Failure to Understand Sound Economics Paralyzing Economy

Flawed economic reasoning and mythical economic fallacies, whose origins and repudiation can be traced back centuries—have nonetheless regained intellectual prominence in recent years.  An eminent agriculture secretary declares that food stamps are a prodigious economic stimulus, the Center for American Progress postulates that minimum wage laws, wait for it, create jobs, and in a possibly clandestine attempt to shame the Nobel prize in economics—NY Times columnist Paul Kurgan posits that we need a pretend alien invasion to jump start the economy.  When will this long national nightmare end?

This long train of economic abuses will charge ahead as President Obama plans to address the nation on a comprehensive “jobs” plan, which, based on previous speeches and various reports, will consist of new infrastructure spending, tax credits and direct assistance to state and local governments.  The plan will reportedly cost the Chinese, excuse me the American taxpayers more than $300 billion.

To begin to unravel the newly minted fallacies inherent in Obama’s new plan, one may simply look at the $300 billion cost.  Who pays this $300 billion?  Ben Bernanke’s printing press?  Fed pump priming invariably leads to some inflation and the new taxes necessary to pay for make-work schemes will destroy other jobs in other industries not saved or created by the president’s magic wand.  Excessive government borrowing will only continue to crowd out productive investments by the private economy.  At best, the public spending schemes divert jobs into politically self-serving and chosen industries.

Appeals to infrastructure spending have long been a staple in the rhetorical arsenal of politicians.  What could be better than a benevolent and ambitious politician serving the greater interests of the community than by building roads, bridges or schools?  Unfortunately, politicians are lousy investors (see “green jobs”) and those promised shovel-ready jobs aren’t as “shovel-ready as they expected.”  Conversely, the quickest way to unleash productive infrastructure projects would be to eliminate government regulations, such as the archaic Davis Bacon Act (1931) which artificially increases the cost of government-funded projects by mandating the prevailing union wage rate.

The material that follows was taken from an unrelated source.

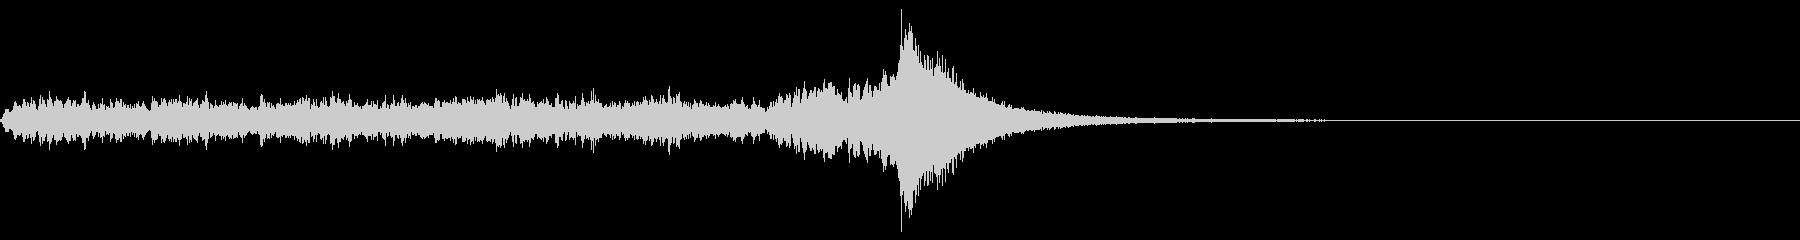 長めのドラムロール(抽選、コンテスト)の未再生の波形

The president also proposes a new array of tax credits and dares Republicans to oppose him.  Politically he may be correct, but these short term tax credits have been proved ineffective in spurring job creation because employers hire individuals for at least 5 to 10 year intervals, not based on a one year advantage. The original Obama “stimulus” package included tremendous infusions of federal funds to prop up state and local government budgets and jobs.  It seems the president calls for more of the same transfers from the federal to state level, which is tantamount to Uncle Sam paying off his Visa card with his American Express.  Surely this idea is meant to prevent the highly visible effects of state and local government job losses, but these jobs are inevitably unsustainable and are draining valued resources from the private sector.

The superior ability of free markets to generate wealth stems from the fact that it allows individuals to pursue their separate interests, while effectively using widely dispersed knowledge—through the impersonal forces and discipline of prices, profits and losses.  The appeal of Keynesian economics is that it refutes many of these sound economic principles and allows for greater decision making on the part of politicians.  Only when we stop practicing Keynesian witchcraft will we awake from this economic nightmare.